La crisis de 2008 puso de relieve las líneas de falla de la construcción de la Unión Europea, que quedó dividida entre el norte que orbita en torno a Alemania y el sur de los países endeudados. El intento de Alemania de rediseñar la UE en función de sus intereses imperiales con la imposición de brutales planes de ajuste va en detrimento de las potencias menores del bloque europeo que ven perder grados de soberanía a manos de la “troika”. El ejemplo de Grecia fue aleccionador, obligada a aplicar una austeridad brutal a cambio de seguir perteneciendo a la UE y acceder a los rescates bancarios. La crisis del proyecto europeo dio un salto con la llegada de oleadas de refugiados provenientes de África y Medio Oriente, que huyen de las guerras en las que intervienen varias potencias de la UE. El Brexit fue un nuevo salto, un golpe al plexo de la Unión Europea, considerado por varios analistas como el proyecto burgués más ambicioso de la posguerra fría.

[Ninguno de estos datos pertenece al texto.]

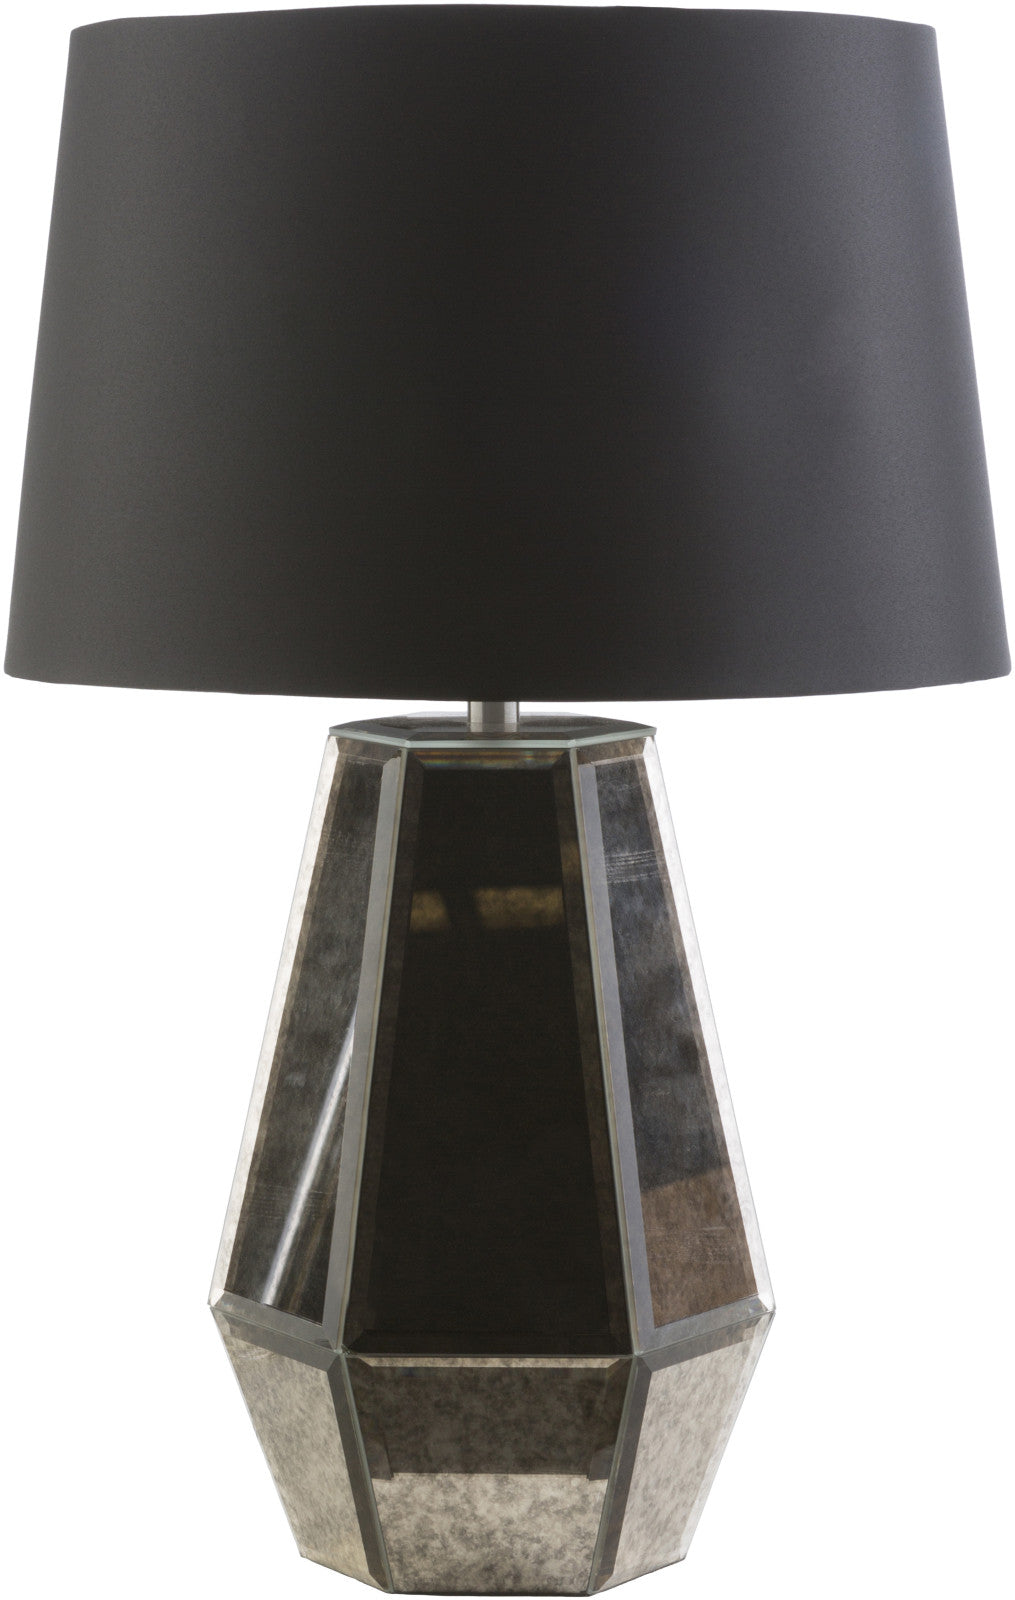 Surya Ryden RYD-458 Black Lamp Table Lamp

La unidad capitalista de Europa, al servicio de los grandes monopolios y los banqueros, bajo la dirección de Alemania es irreformable en el sentido de que sería posible cambiar su contenido imperialista. Su tratado constitutivo es claramente neoliberal. Pero el repliegue a las fronteras nacionales no es una salida progresiva, sino que viene de la mano de la xenofobia y el racismo. El ascenso de la extrema derecha en Europa es un llamado de alerta para las fuerzas de izquierda. Solo se podrá conjurar levantando claramente la perspectiva de la unidad socialista de Europa, una integración liderada por y al servicio de los trabajadores.

 

  1. Para un análisis del peso de la City de Londres ver entrevita a T. Norfield en esta misma revista, autor del libro The City: London and the Global Power of Finance, Londres, Verso, 2016.
  2. Mair, Peter, Ruling the Void: The Hollowing of Western Democracy, Londres, Verso, 2013.
  3. A. Callinicos, “Brexit: A world-historic turn”, International Socialism 151.
  4. Sobre las oscilaciones de la burguesía británica con respecto a la Unión Europea y la política de Thatcher y sus herederos ver: P. Anderson, El nuevo Viejo Mundo, Primera Parte: La unión, Madrid, Akal, 2009. En particular su interesante análisis sobre la influencia de las ideas de Friedrich Hayek en los distintos momentos del proceso de unidad europeo.